Issuers with securities already admitted to trading

The obligation to publish a prospectus will not apply to an admission to trading on a regulated market where:

  1. a regulated market issuer wants to admit further securities, or
  2. shares are issued on conversion or exchange of exchangeable securities. This is provided that in both cases the new securities/shares, as the case may be, represent less than 20% of the number of securities/shares already admitted to trading on the same regulated market

These exemptions apply as of 20 July 2017.

Prospectus summary

The summary must contain key information such as details on the issuer, securities and the offer of securities to the public and/or the admission to trading on a regulated marker. The summary should be clear and concise and contain specified categories including the most relevant 15 risk factors. The new simplified prospectus will benefit companies by providing more flexibility and less paperwork.

Risk factors

The list of required risk factors is simplified. A prospectus must contain a limited selection of risks which are deemed material and specific to the issuer and its securities. Issuers will be required to assess the materiality of the risk factors based on the probability of their occurrence and the expected magnitude of their negative impact. The risk factors will need to be categorised and, in each category, presented in order of their material risk.

The European Securities and Markets Authority (ESMA) has been tasked with developing guidelines to assist competent authorities in their review of the specificity and materiality of risk factors. The guidelines will also assist in reviewing the presentation of risk factors across categories depending on their nature.

Minimum disclosure

A simplified and standardised prospectus, known as the "EU Growth Prospectus", will be available to SMEs, small issuances by unlisted companies and for non-SMEs where the securities are being admitted to an SME growth market. Issuers making offers to the public of less than €20 million in any 12 month period can avail of this simplified regime.

By 21 January 2019, the EU Commission must adopt delegated acts to supplement the Prospectus Regulation. The delegated acts will specify the reduced content and standardised format and sequence for the EU Growth Prospectus.

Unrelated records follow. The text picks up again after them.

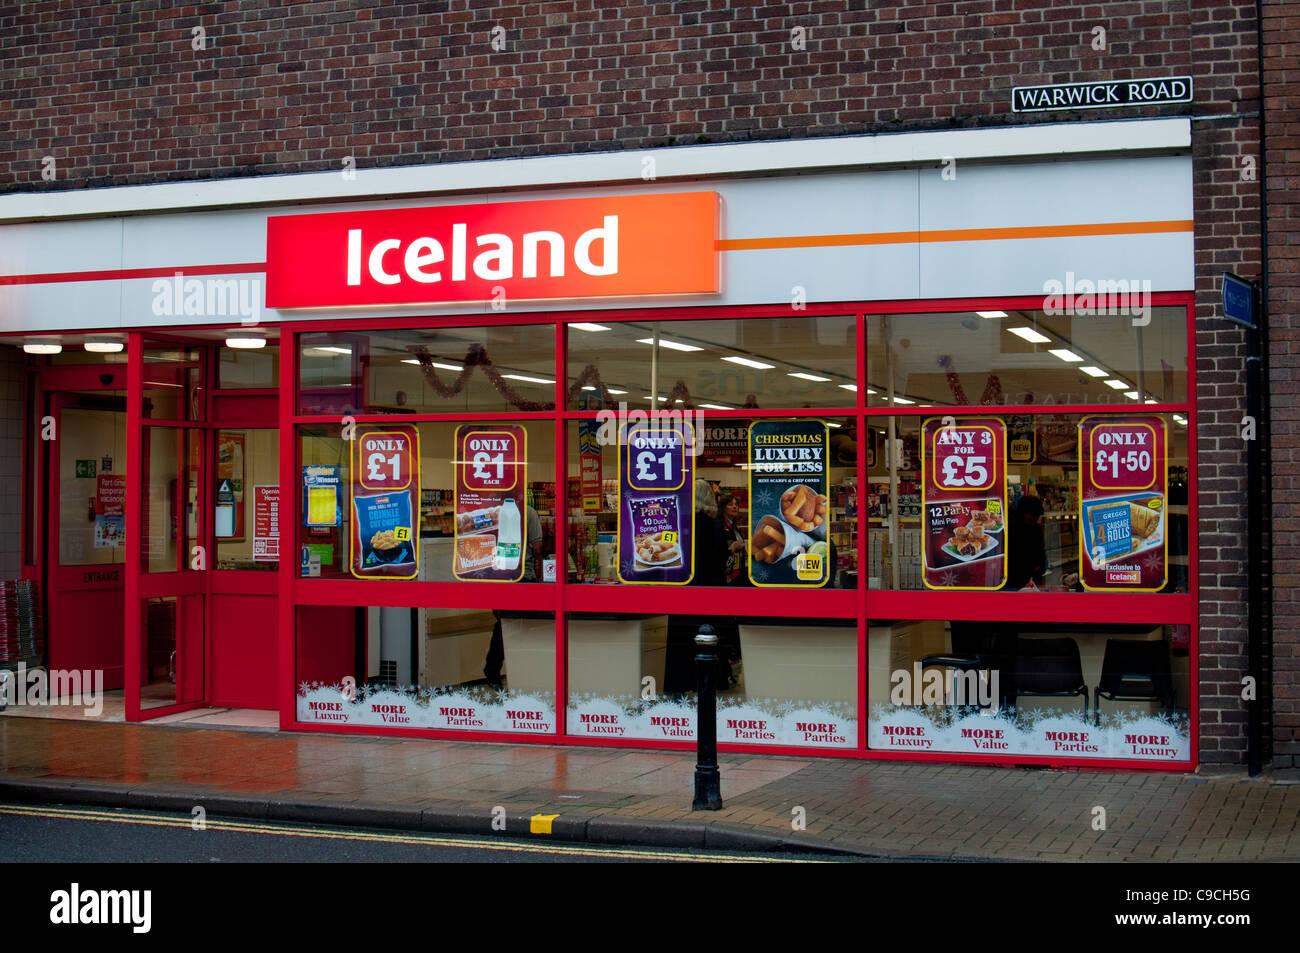 Iceland freezer centre, Kenilworth, England, UK Stock Photo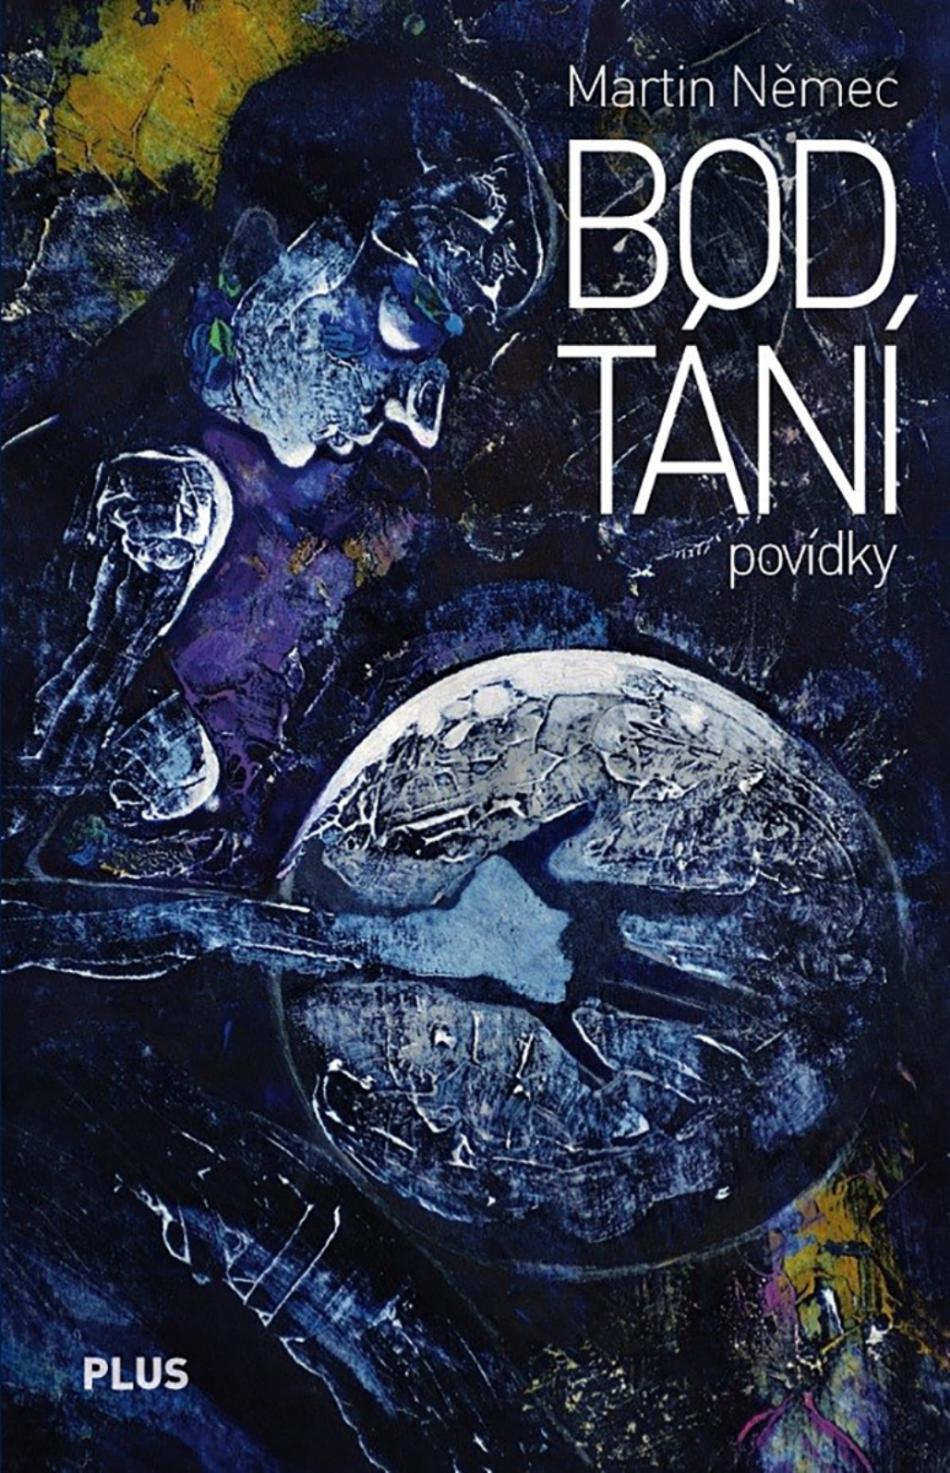 Obálku knihy navrhl Jan Dvořák s využitím obrazu Martina Němce Perlorodka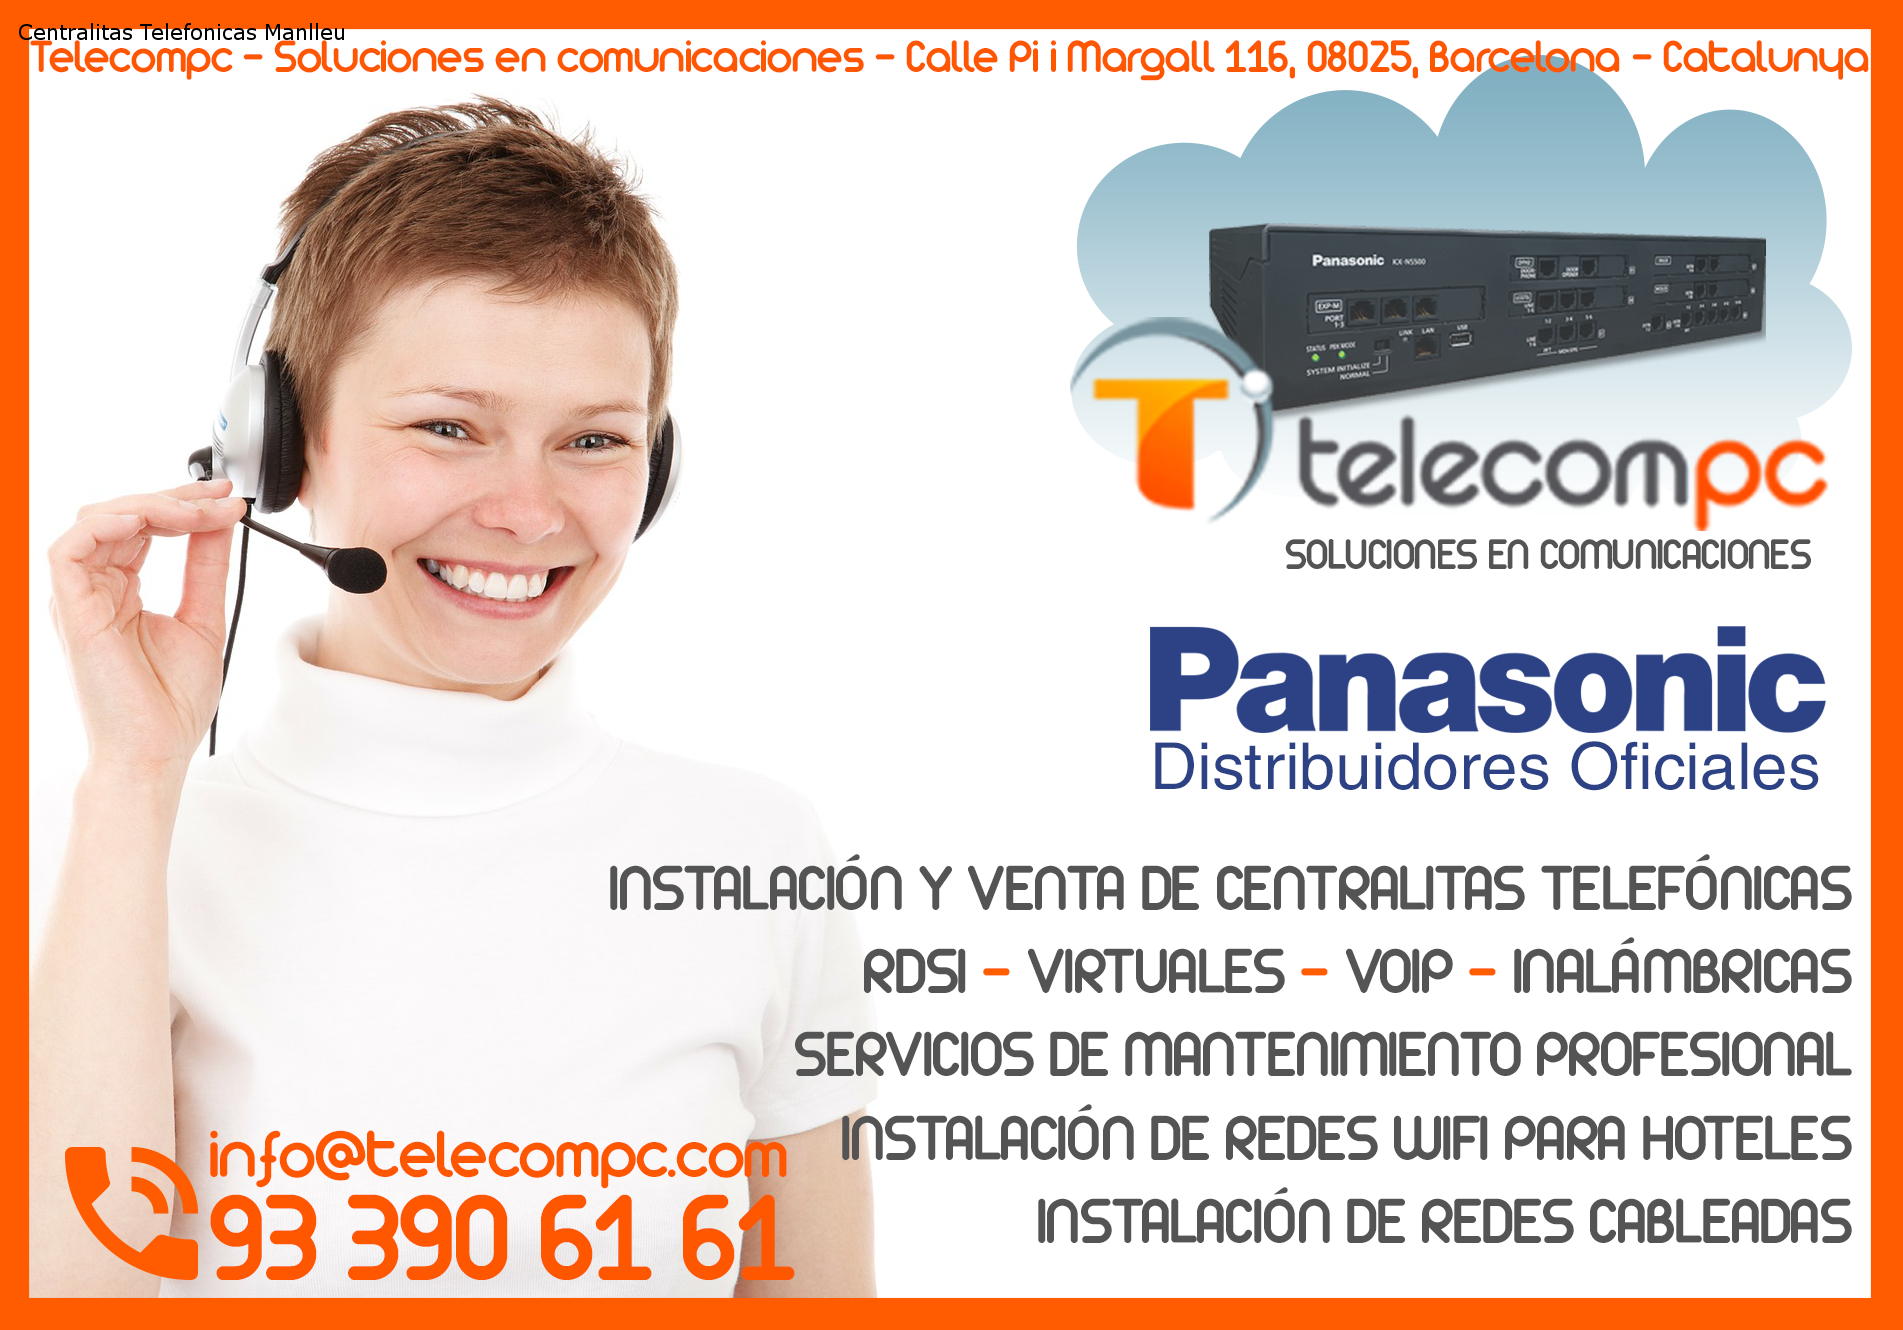 Centralitas Telefonicas Manlleu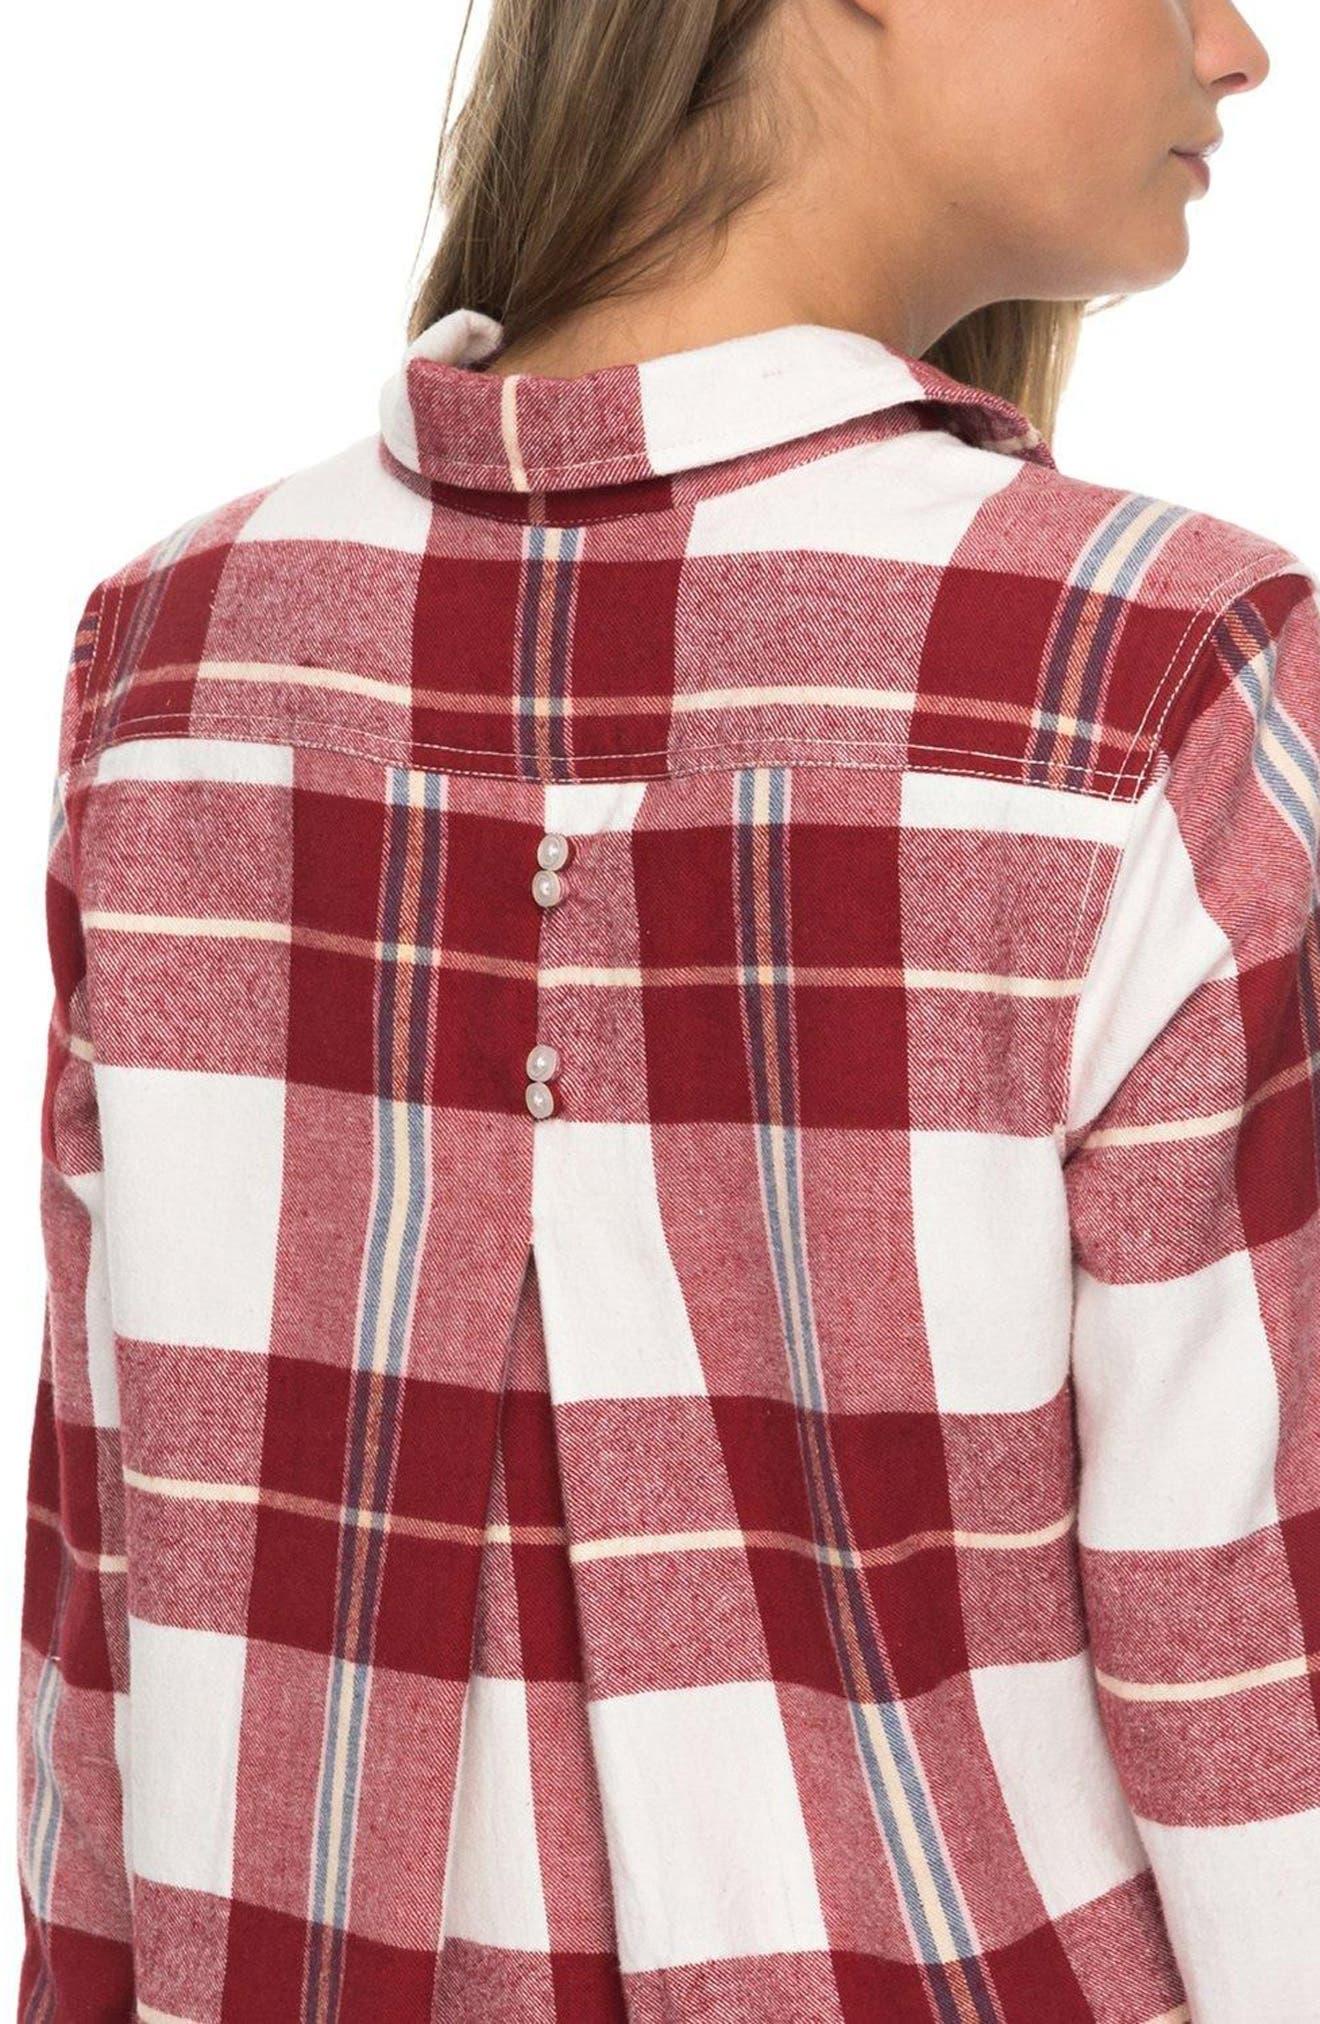 Heavy Feelings Plaid Cotton Shirt,                             Alternate thumbnail 9, color,

Universal Registration Document (URD)

This is a new concept which will allow issuers that draw up a URD each year to benefit from a fast track approval period of five days when seeking approval of a prospectus consisting of separate documents.

Issuers who have a URD approved by the competent authority every financial year for two consecutive years can file subsequent URDs without prior approval, provided one is filed every financial year.

Next Steps

The EU Commission is required to develop and adopt delegated acts and technical standards in a number of areas within 18 months of the Prospectus Regulation coming into force. It has formally requested technical advice from ESMA to prepare these delegated or supplemental acts. ESMA has published three consultation papers:

  1. Consultation Paper on the format and content of the prospectus (ESMA31-62-532)
  2. Consultation Paper on EU Growth prospectus (ESMA31-62-649)
  3. Consultation Paper on scrutiny and approval (ESMA31-62-650)

Consultations on these papers will close on 28 September 2017. ESMA is scheduled to deliver the technical advice to the European Commission by 31 March 2018.

Conclusion

It is hoped that the technical detail adopted in the delegated acts does not add unnecessary complexity to the provisions of the new prospectus regime. Until these delegated acts are adopted and published, it remains to be seen whether the Prospectus Regulation will achieve its objectives to make it cheaper for companies, and in particular SMEs, to access capital and improve prospectus accessibility for investors.

However, the reduction in complexity and reduced specified maximum lengths for prospectuses will be likely to drive production of more focused and clearer documents which will benefit both issuers and market participants generally.

The content of this article is intended to provide a general guide to the subject matter. Specialist advice should be sought about your specific circumstances.